マンガ大賞ドラえもん藤子・F・不二雄さん

ドラえもん

あらすじ

 さえない少年、野比のび太の部屋に、ある日22世紀からタイムマシンに乗ってネコ型ロボット「ドラえもん」がやってくる。のび太の子孫が彼のドジのおかげで大迷惑をしており、未来を変えるべく送り込まれたのだという。ドラえもんは頼りないのび太のために、四次元ポケットからさまざまな秘密道具を取り出す。そのどれもが、目をむくような効果をあげるのだが……。

受賞コメント/藤子・F・不二雄氏の妻・正子さん

 漫画を一生の仕事とした藤本にとって、人生の一番多感ないい時期に手塚作品に出あい、今、先生の名前の付いた賞を頂くことは最高の喜びだと思います。先生の尽きる事ない創作意欲、ジャンルの広さに感嘆し、尊敬してやまなかった藤本でした。
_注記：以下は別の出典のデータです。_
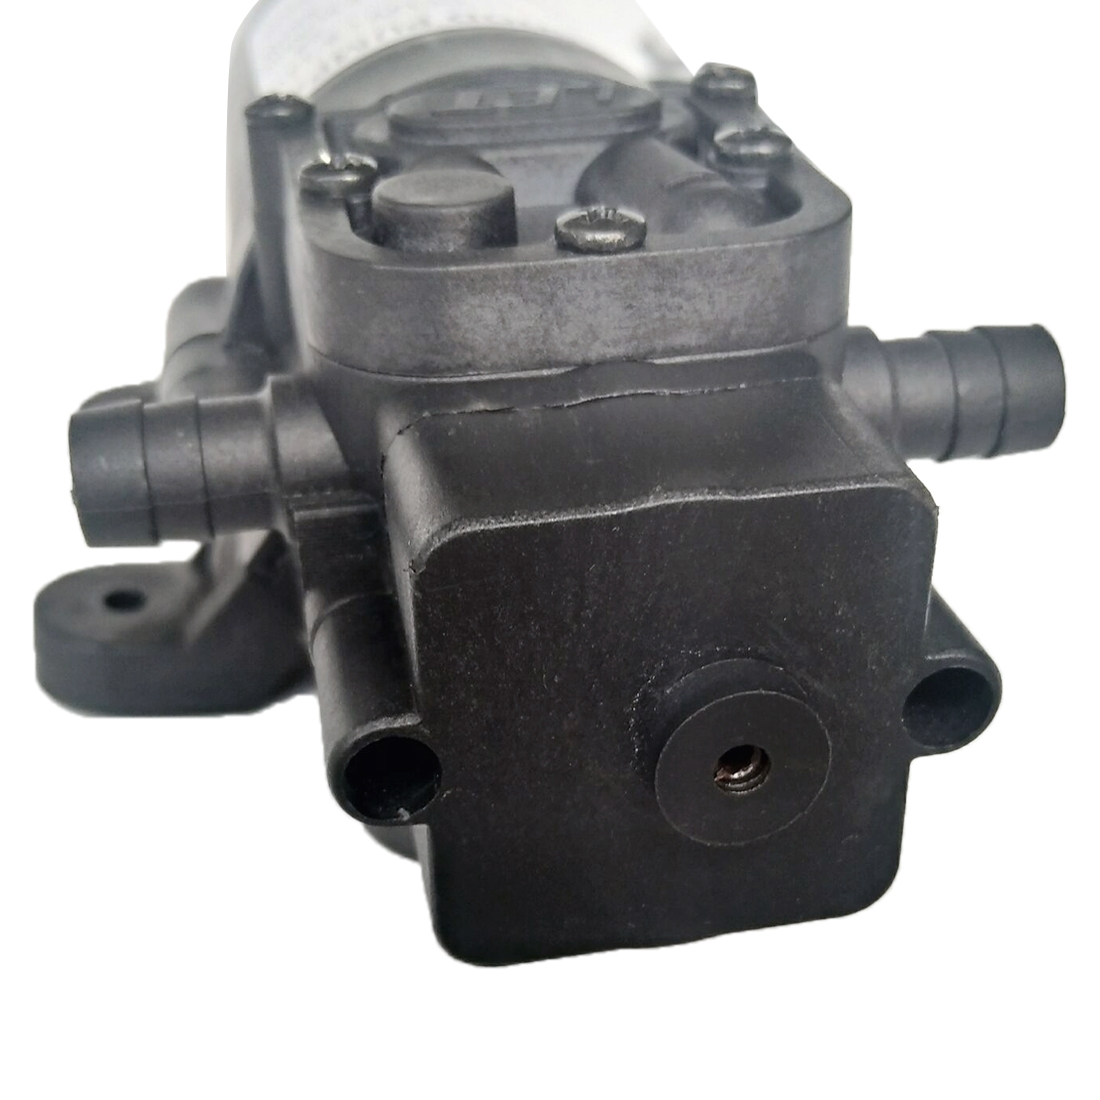 Diaphragm Reflux Mini Electric Water Pump 29W High Pressure Self-priming Water Pump for Car Washing / Irrigation, Voltage: 12V

 ここ数年“ドラえもん”を書く事が生きる事でした。案の出ない時の辛そうな顔、書き上げた時のあのいい笑顔を思い出します。1970年に連載が始まり、今なお、“ドラえもん”をこんなに皆様が読んで下さるのは、雑誌、テレビ、映画の効果はもちろん、彼の夢と真摯(しんし)な創作態度があったからではないかと思っています。

 毎年、今頃長編ドラえもんを書き始める時期です。「今年はドラえもんは何処(どこ)へ行くの?」「まだ決まっていない!」

 素っ気ない決まった会話がありました。今年は寂しいです。

(1997年6月の贈賞式小冊子から)

藤子・F・不二雄氏の妻・正子さんに聞く

 手塚先生を尊敬し、目標にしていた藤本にとって、先生の名前のついた賞をいただくことは、最高の喜びだと思います。

 1986年に胃の手術をして以来、藤本は「ドラえもん」を自分のライフワークと決めたようです。その意味で、彼の晩年のすべてでした。アイデアはほとんど一人で考えておりましたから。案が出ない時のつらい顔、かき上げたときのすがすがしい笑顔。浮かんできますね。

 亡くなる2年ほど前からは家で仕事をする機会が多くなり、たいていは、自分の仕事部屋で過ごしていました。ただ、夕方3時から6時までは居間へ下りてきて、レーザーディスクの映画を見るのが日課でした。黒澤明さん、小津安二郎、チャプリン、ワイラーなど好きでしたね。娯楽大作といわれるものも好きでしたよ。それから落語。映画と落語は、結婚前のデートコースにも欠かせないものでしたね。

 何につけても自分の流儀を崩せない人で、色紙一枚でさえ机の前で鉛筆で下書きしてからでないと満足しないんです。子どもさんだと頼んだまま取りに来るのを忘れちゃうこともあって。うちには、そんなドラえもんがまだ残っております。

(1997年6月3日付、朝日新聞朝刊)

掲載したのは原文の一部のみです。